[Data — start]
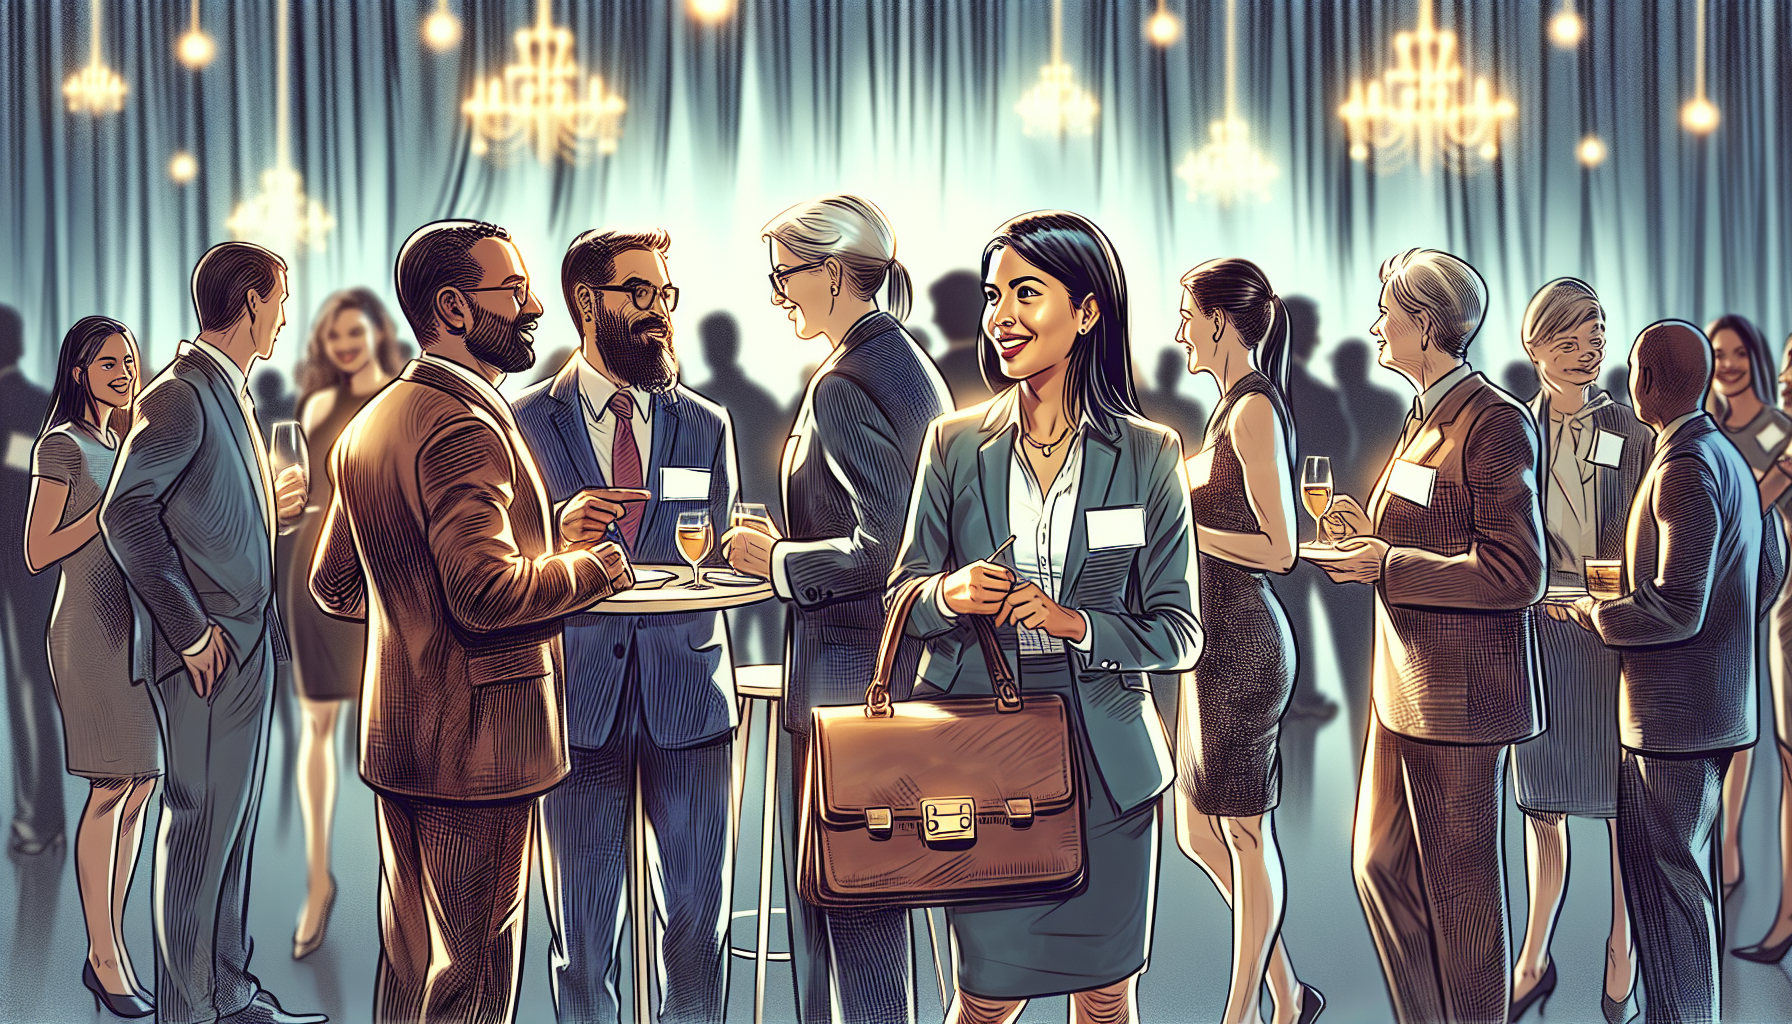 Illustration of professional networking in the entertainment industry
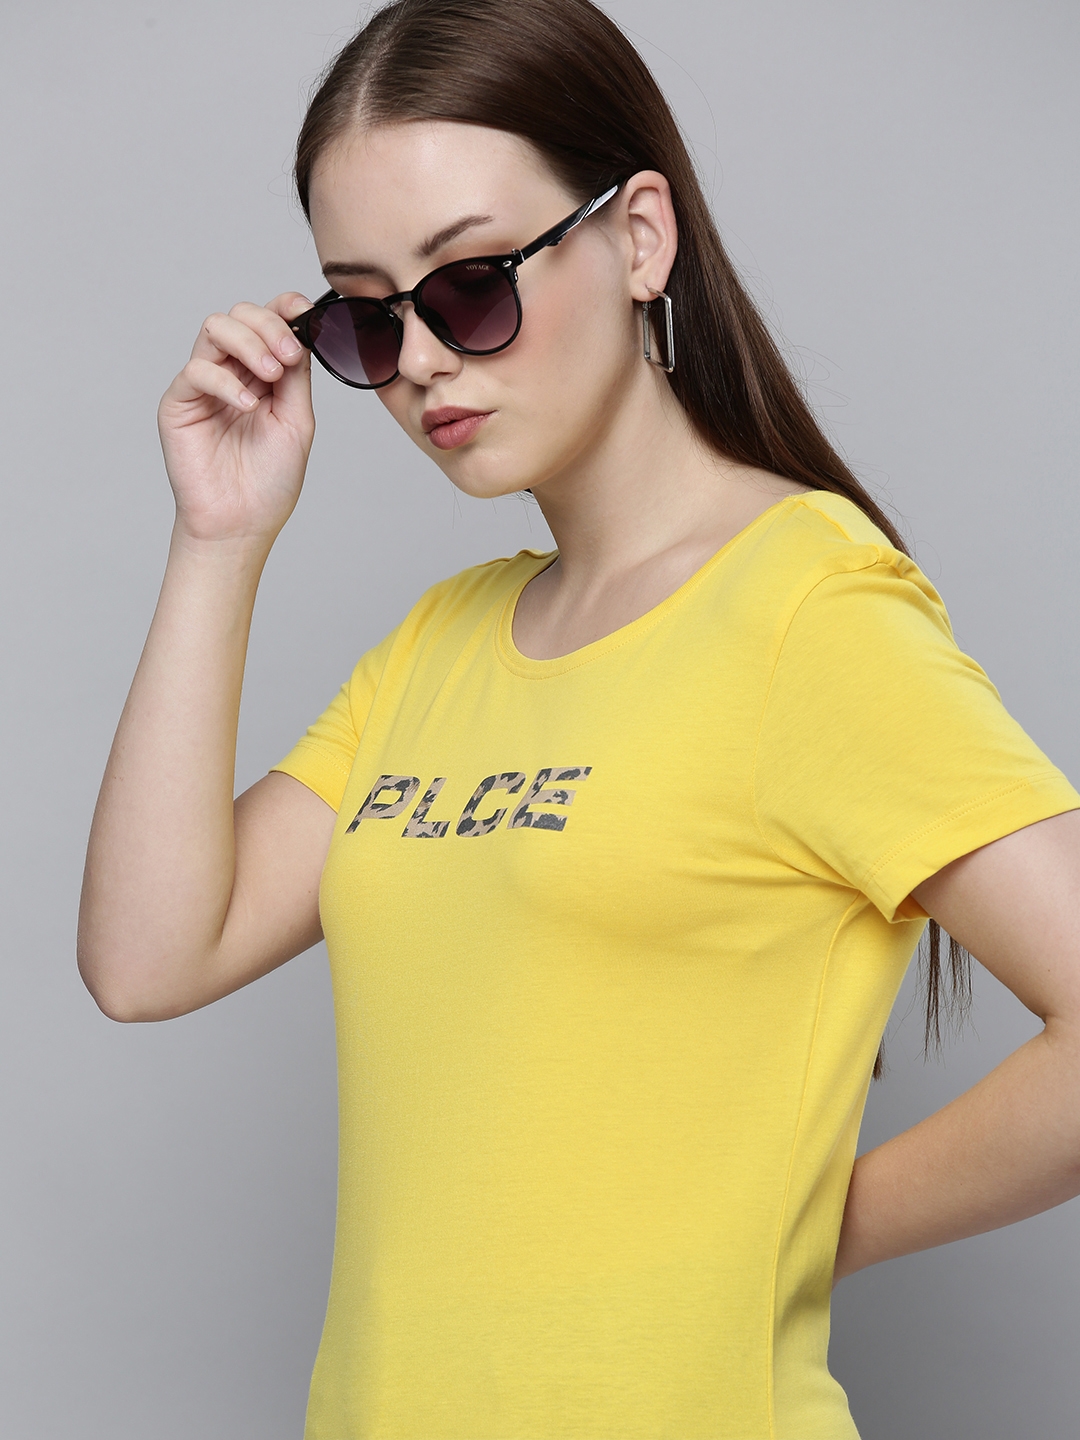 883 Police | 883 Police Womens Yellow Round Neck T-shirt
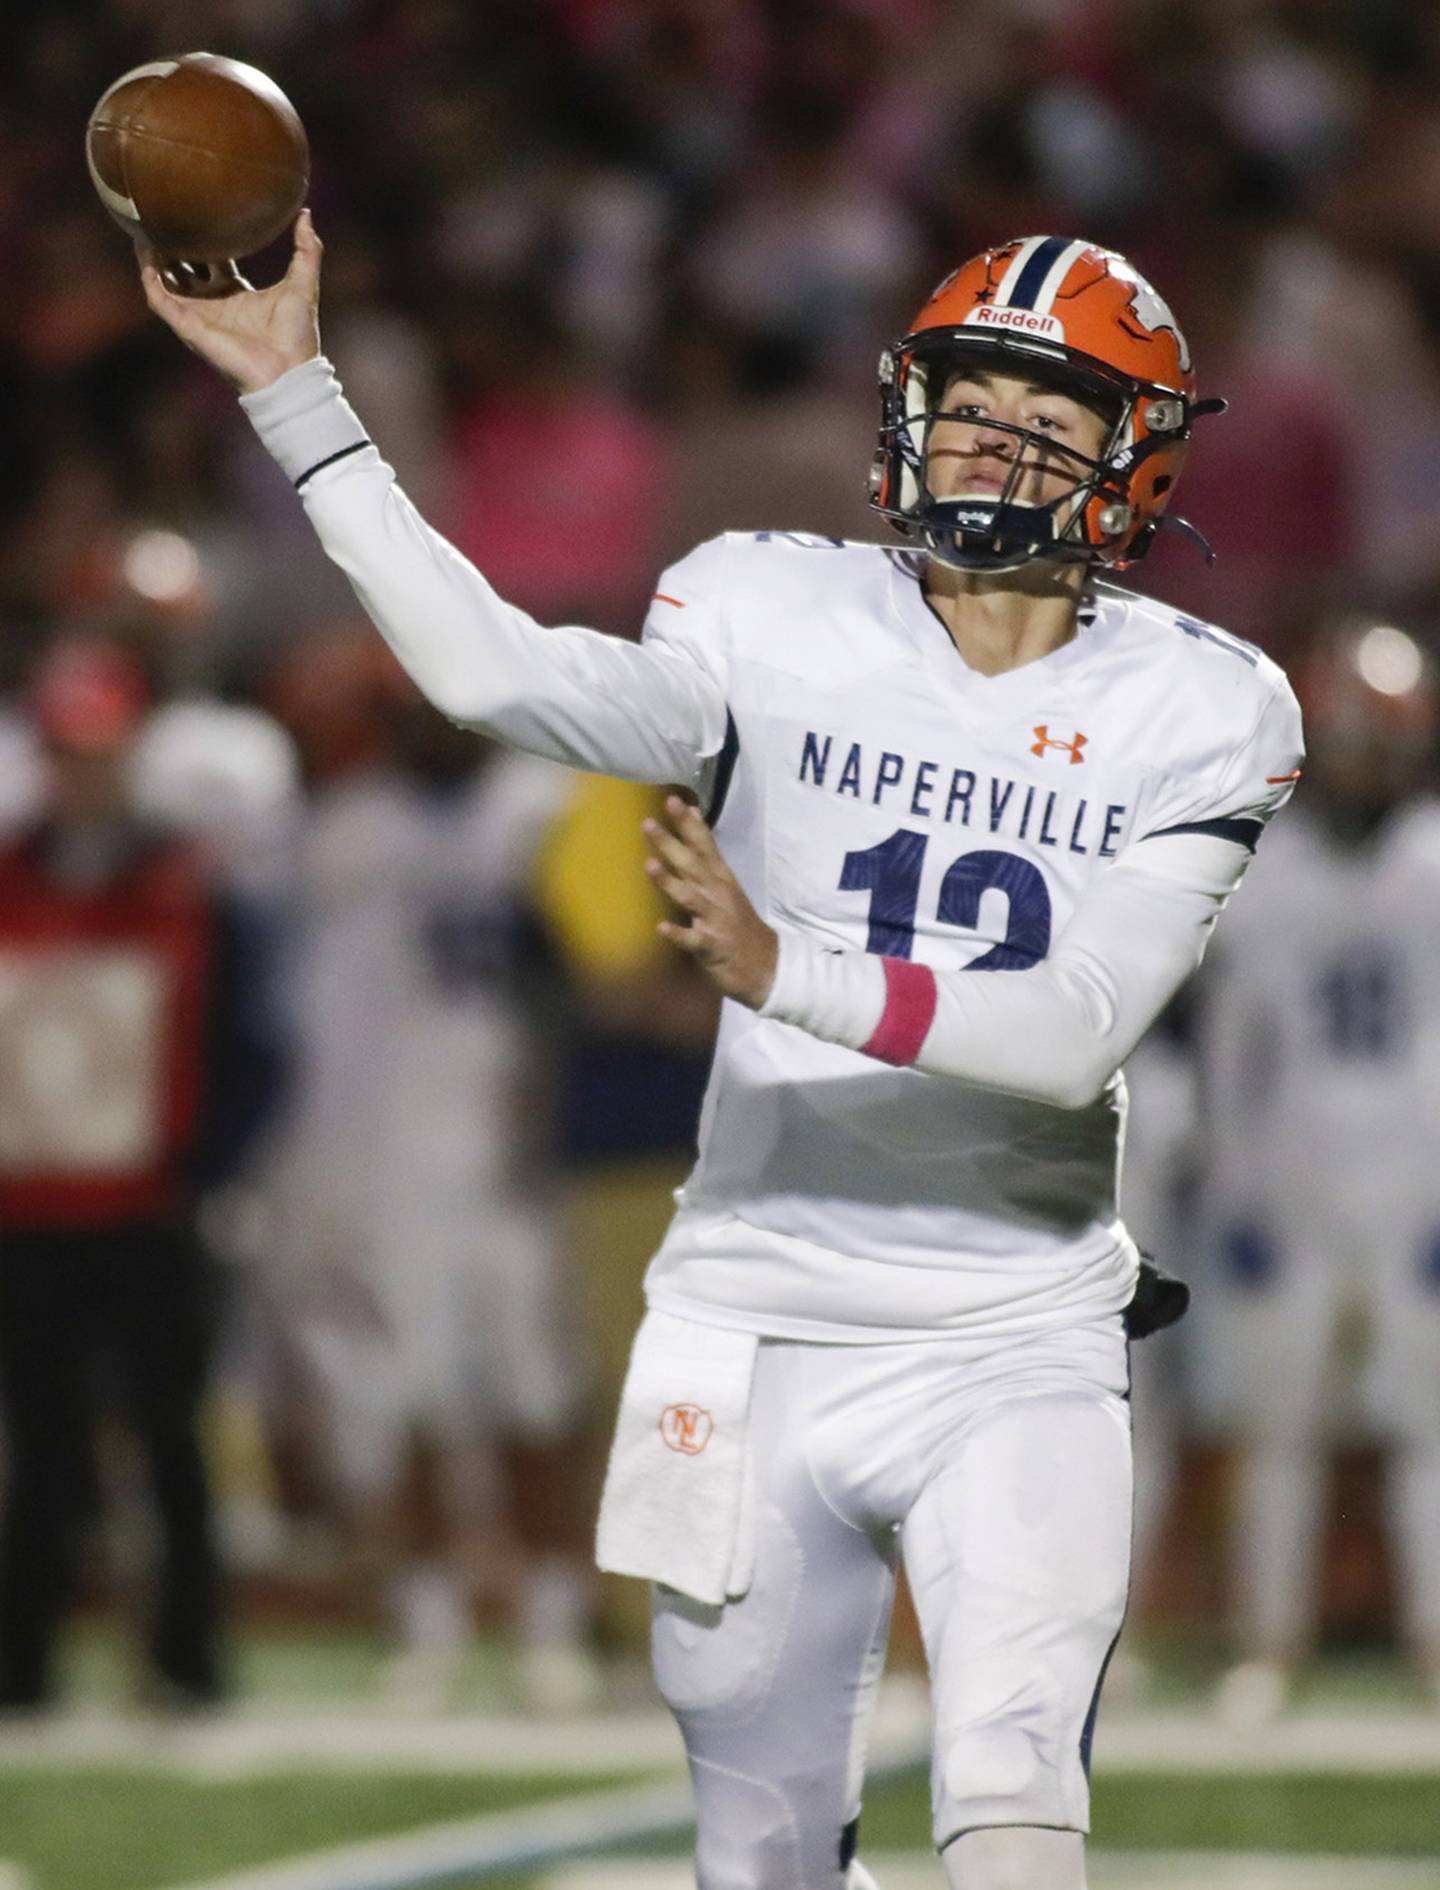 Naperville North quarterback Aidan Gray passes the ball against Naperville Central during a DuPage Valley Conference game in Naperville on Thursday, Oct. 20, 2022.
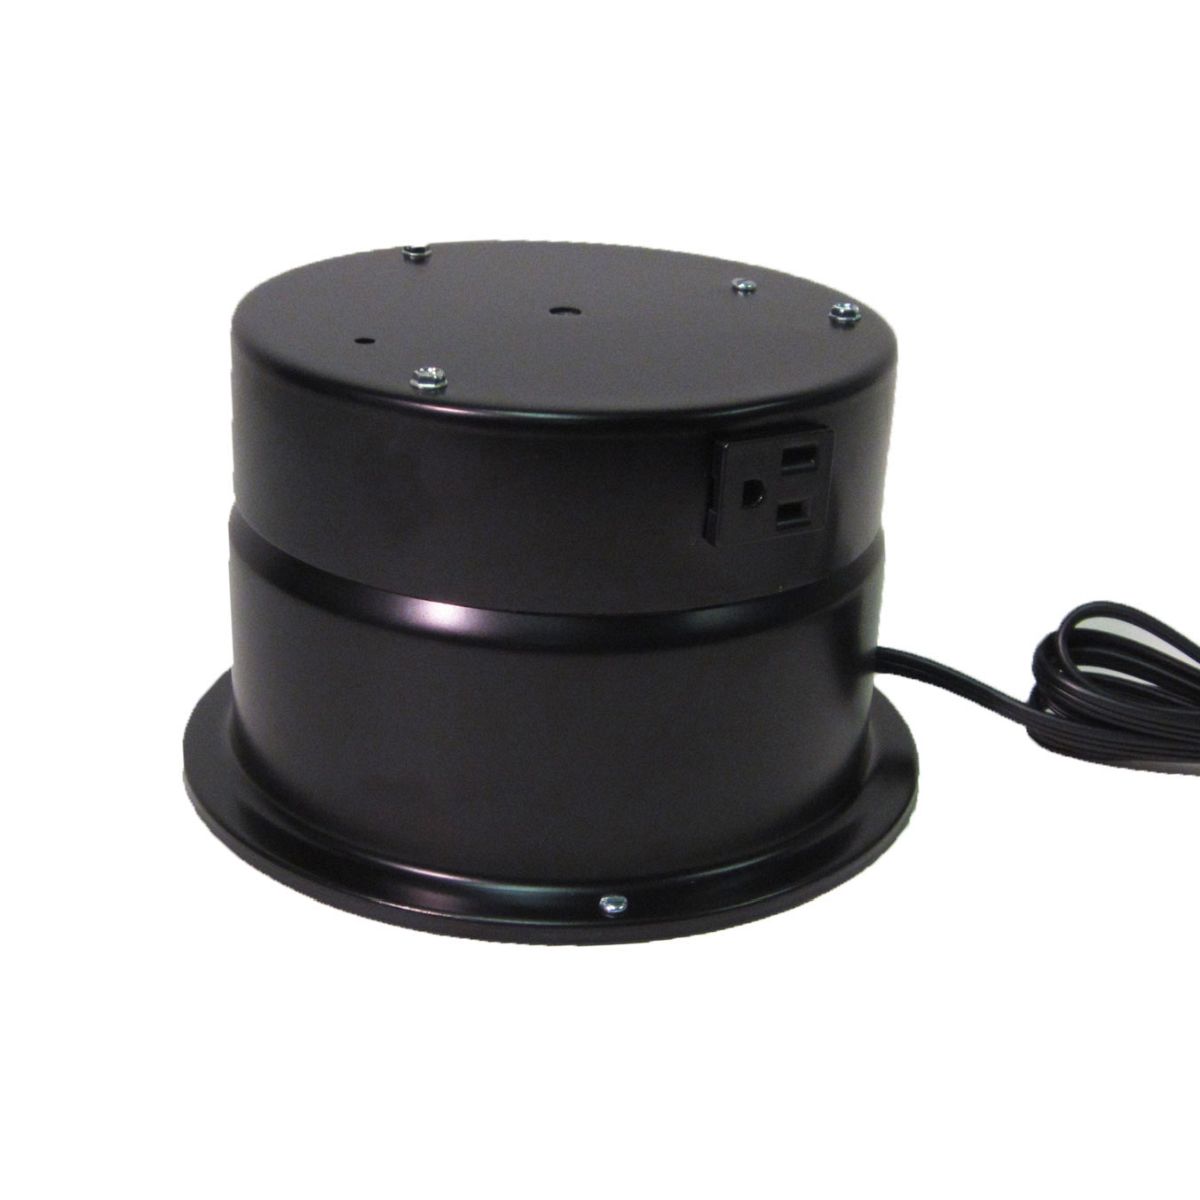 Motorized Display Turntable w/ 8 amp Outlet - 50 lb Cap (MB110E8)
[Data — finish]
» **To do**
Set down the material exactly as given, but print none of the pictures.

» **Task answer**
 Illustration of professional networking in the entertainment industry
 883 Police | 883 Police Womens Yellow Round Neck T-shirt
 Naperville North quarterback Aidan Gray passes the ball against Naperville Central during a DuPage Valley Conference game in Naperville on Thursday, Oct. 20, 2022.
 Motorized Display Turntable w/ 8 amp Outlet - 50 lb Cap (MB110E8)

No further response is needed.